One of the local MPs, the Lib Dem president Tim Farron, told Daybreak that the alleged cover-up "is absolutely appalling."

He said: "I'm afraid it doesn't tell us anything we didn't already suspect.

"We knew that after the tragic death of Joshua Titcombe (who died nine days after his birth at Furness General Hospital in 2008) that the CQC conducted a review in 2010 and declared the maternity provision safe and sound.

"Decisions were made in that period of time based upon the apparent soundness of maternity in Morecambe Bay. Clearly it wasn't safe and it wasn't sound.

"There is every chance that people lost their lives in the years that followed because of, at least at best, a shockingly incompetent review by CQC."

National

NHS watchdog apologises for 'letting people down'

This report reveals just how poor the Care Quality Commission’s (CQC) oversight of University Hospitals Morecambe Bay (UHMB) was in 2010. This is not the way things should have happened. It is not the way things will happen in the future. We will use the report to inform the changes we are making to improve the way we work and the way we are run.

We are changing the culture of the organisation. The commissioning and publication of this report symbolises the approach we are taking and will continue to take. We are determined CQC will be an open and transparent organisation.

The report shows how CQC provided false assurances to the public and to Monitor in 2010. We were slow to identify failings at the trust and then slow to take action. We should not have registered UHMB without conditions.

We let people down, and we apologise for that.

There is no evidence of a systematic cover up or of any collusion between CQC and the Public Health Service Ombudsman, but the example of how an internal report was dealt with is evidence of a failure of leadership within CQC and a dysfunctional relationship between the executive and the board. There is evidence of a defensive, reactive and insular culture that resulted in behaviour that should never have happened.

– Care Quality Commission spokesperson
National

Health regulator admits senior level was 'dysfunctional'

The CQC commissioned the independent report from management consultants Grant Thornton to look into its own activities in relation to University Hospitals Morecambe Bay NHS Foundation Trust.

CQC’s Chief Executive, David Behan, was absolutely right to commission an independent report into CQC's handling of the registration and subsequent monitoring of UHMB - and absolutely right to publish it in full.

The publication draws a line in the sand for us. What happened in the past was wholly unacceptable.

The report confirms our view that at a senior level the organisation was dysfunctional.

The Board and the senior executive team have been radically changed.

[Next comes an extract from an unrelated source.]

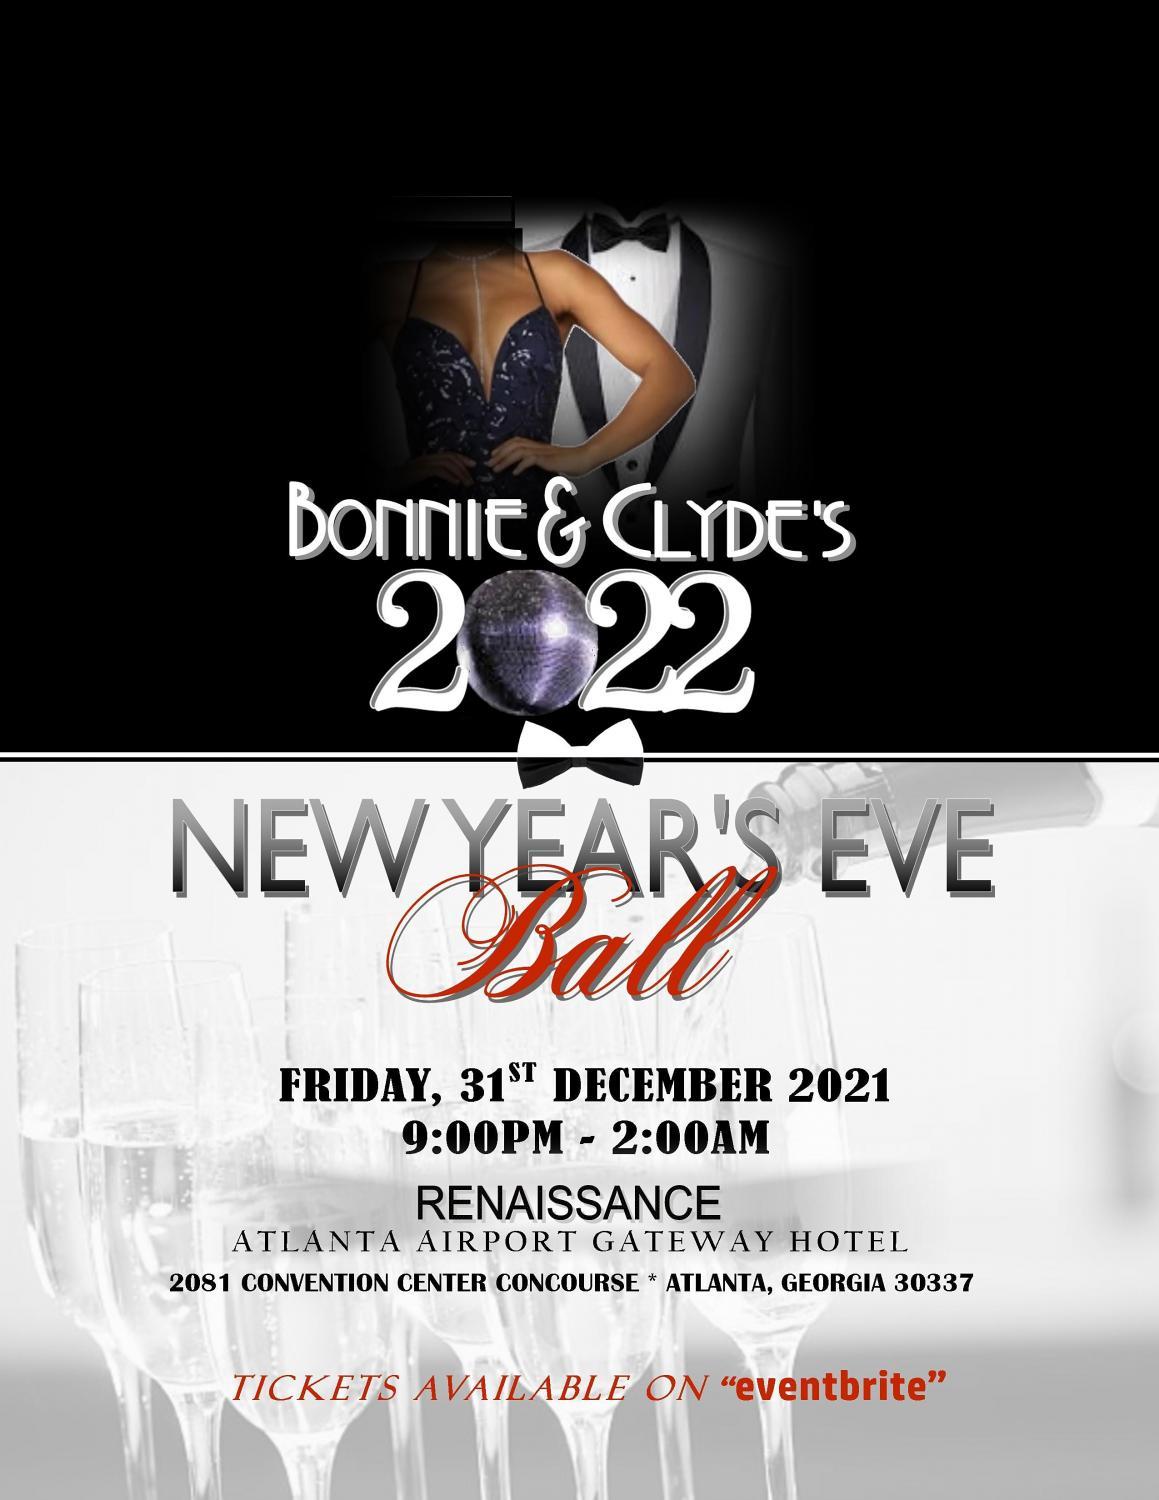 Bonnie & Clyde's 2022 New Year's Eve Ball

– David Prior, CQC’s Chair
National

Regulator 'covered-up' failure to stop hospital scandal

Officials at the NHS watchdog ordered that evidence of its failure to prevent a scandal at a hospital maternity unit be destroyed, a report will show according to the Daily Telegraph.

Regulators at the Care Quality Commission deleted the review of its failure to act on concerns about University Hospitals of Morecambe Bay NHS Trust, according to the report.

Police are investigating the deaths of at least eight mothers and babies at the Trust.